Please repeat the records below exactly, from the first line through the line containing "The Warriorr (2022)", and nothing more.
= Beginning of Section =
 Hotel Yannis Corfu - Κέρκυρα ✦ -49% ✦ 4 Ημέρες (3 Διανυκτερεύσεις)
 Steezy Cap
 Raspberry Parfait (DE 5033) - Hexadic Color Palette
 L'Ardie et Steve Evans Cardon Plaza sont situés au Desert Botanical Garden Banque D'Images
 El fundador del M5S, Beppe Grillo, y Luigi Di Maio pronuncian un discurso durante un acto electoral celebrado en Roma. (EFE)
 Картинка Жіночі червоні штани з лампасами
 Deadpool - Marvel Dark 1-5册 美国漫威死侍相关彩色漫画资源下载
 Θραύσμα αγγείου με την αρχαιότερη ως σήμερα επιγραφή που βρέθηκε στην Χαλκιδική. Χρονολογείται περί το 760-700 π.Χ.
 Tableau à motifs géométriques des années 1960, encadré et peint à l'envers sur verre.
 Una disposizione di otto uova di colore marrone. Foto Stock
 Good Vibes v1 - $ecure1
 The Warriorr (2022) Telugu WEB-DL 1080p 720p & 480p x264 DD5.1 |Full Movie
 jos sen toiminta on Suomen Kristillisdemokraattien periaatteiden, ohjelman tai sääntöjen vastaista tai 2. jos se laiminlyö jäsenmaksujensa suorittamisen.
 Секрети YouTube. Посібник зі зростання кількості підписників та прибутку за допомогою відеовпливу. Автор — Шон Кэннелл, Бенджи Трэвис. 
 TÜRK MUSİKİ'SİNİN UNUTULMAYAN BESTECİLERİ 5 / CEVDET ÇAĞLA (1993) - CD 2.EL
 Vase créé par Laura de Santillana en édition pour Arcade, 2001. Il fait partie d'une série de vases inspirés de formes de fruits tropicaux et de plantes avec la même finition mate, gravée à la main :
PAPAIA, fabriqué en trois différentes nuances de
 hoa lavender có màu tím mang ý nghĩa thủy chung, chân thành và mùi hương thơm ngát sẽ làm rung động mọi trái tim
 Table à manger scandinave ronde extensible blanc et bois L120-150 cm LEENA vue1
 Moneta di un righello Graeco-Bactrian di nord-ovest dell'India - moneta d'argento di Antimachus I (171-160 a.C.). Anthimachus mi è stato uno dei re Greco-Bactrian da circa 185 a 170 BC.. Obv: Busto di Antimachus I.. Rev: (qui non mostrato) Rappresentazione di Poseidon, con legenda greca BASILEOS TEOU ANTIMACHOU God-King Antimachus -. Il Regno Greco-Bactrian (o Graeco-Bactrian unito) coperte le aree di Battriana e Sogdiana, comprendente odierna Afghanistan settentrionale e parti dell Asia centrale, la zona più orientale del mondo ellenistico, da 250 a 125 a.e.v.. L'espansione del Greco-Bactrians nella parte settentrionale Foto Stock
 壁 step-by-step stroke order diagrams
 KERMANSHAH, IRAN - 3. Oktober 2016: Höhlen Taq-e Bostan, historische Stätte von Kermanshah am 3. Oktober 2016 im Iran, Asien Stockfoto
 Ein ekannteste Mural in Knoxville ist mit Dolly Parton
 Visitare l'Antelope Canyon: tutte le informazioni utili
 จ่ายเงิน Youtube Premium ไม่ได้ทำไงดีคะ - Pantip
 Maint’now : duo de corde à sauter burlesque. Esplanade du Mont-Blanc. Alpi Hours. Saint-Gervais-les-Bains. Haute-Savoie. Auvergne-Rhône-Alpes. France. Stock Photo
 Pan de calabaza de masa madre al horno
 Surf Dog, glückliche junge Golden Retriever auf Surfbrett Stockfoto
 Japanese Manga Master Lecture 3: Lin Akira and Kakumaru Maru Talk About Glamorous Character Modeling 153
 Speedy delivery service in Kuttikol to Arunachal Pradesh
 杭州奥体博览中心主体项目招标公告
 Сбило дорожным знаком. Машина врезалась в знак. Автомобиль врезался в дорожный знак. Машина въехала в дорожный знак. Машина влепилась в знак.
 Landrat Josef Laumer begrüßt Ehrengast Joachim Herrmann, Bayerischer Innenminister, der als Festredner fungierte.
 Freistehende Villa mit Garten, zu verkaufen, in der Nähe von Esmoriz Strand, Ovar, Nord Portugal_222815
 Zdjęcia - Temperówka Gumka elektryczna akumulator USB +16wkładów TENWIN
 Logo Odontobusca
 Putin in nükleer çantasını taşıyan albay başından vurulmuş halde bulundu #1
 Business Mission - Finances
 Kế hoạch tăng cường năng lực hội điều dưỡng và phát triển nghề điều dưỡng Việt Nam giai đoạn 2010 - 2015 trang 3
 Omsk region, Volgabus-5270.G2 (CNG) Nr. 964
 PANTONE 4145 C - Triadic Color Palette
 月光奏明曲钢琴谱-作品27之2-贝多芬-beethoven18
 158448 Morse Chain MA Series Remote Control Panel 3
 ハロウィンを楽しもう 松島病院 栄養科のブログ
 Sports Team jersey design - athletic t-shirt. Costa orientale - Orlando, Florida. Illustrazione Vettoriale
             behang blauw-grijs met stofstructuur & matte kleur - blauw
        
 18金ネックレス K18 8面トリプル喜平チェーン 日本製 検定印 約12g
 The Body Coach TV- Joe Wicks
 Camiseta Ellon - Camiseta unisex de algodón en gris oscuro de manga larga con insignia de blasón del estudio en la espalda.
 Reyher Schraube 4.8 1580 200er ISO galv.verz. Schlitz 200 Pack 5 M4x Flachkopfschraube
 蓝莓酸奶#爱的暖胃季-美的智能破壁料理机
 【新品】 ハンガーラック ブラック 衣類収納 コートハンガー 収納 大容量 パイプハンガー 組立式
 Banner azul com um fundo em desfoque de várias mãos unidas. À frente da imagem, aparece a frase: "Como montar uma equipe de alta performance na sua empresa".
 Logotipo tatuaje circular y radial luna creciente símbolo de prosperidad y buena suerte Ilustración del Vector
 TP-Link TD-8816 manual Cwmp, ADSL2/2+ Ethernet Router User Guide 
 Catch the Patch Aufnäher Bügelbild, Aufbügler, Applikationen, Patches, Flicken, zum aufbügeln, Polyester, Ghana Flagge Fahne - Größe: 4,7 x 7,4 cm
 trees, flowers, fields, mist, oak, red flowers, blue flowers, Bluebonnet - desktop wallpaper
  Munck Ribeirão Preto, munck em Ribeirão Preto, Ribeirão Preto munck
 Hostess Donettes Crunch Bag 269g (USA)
= End of Section =
### Response to this task
 Hotel Yannis Corfu - Κέρκυρα ✦ -49% ✦ 4 Ημέρες (3 Διανυκτερεύσεις)
 Steezy Cap
 Raspberry Parfait (DE 5033) - Hexadic Color Palette
 L'Ardie et Steve Evans Cardon Plaza sont situés au Desert Botanical Garden Banque D'Images
 El fundador del M5S, Beppe Grillo, y Luigi Di Maio pronuncian un discurso durante un acto electoral celebrado en Roma. (EFE)
 Картинка Жіночі червоні штани з лампасами
 Deadpool - Marvel Dark 1-5册 美国漫威死侍相关彩色漫画资源下载
 Θραύσμα αγγείου με την αρχαιότερη ως σήμερα επιγραφή που βρέθηκε στην Χαλκιδική. Χρονολογείται περί το 760-700 π.Χ.
 Tableau à motifs géométriques des années 1960, encadré et peint à l'envers sur verre.
 Una disposizione di otto uova di colore marrone. Foto Stock
 Good Vibes v1 - $ecure1
 The Warriorr (2022) Telugu WEB-DL 1080p 720p & 480p x264 DD5.1 |Full Movie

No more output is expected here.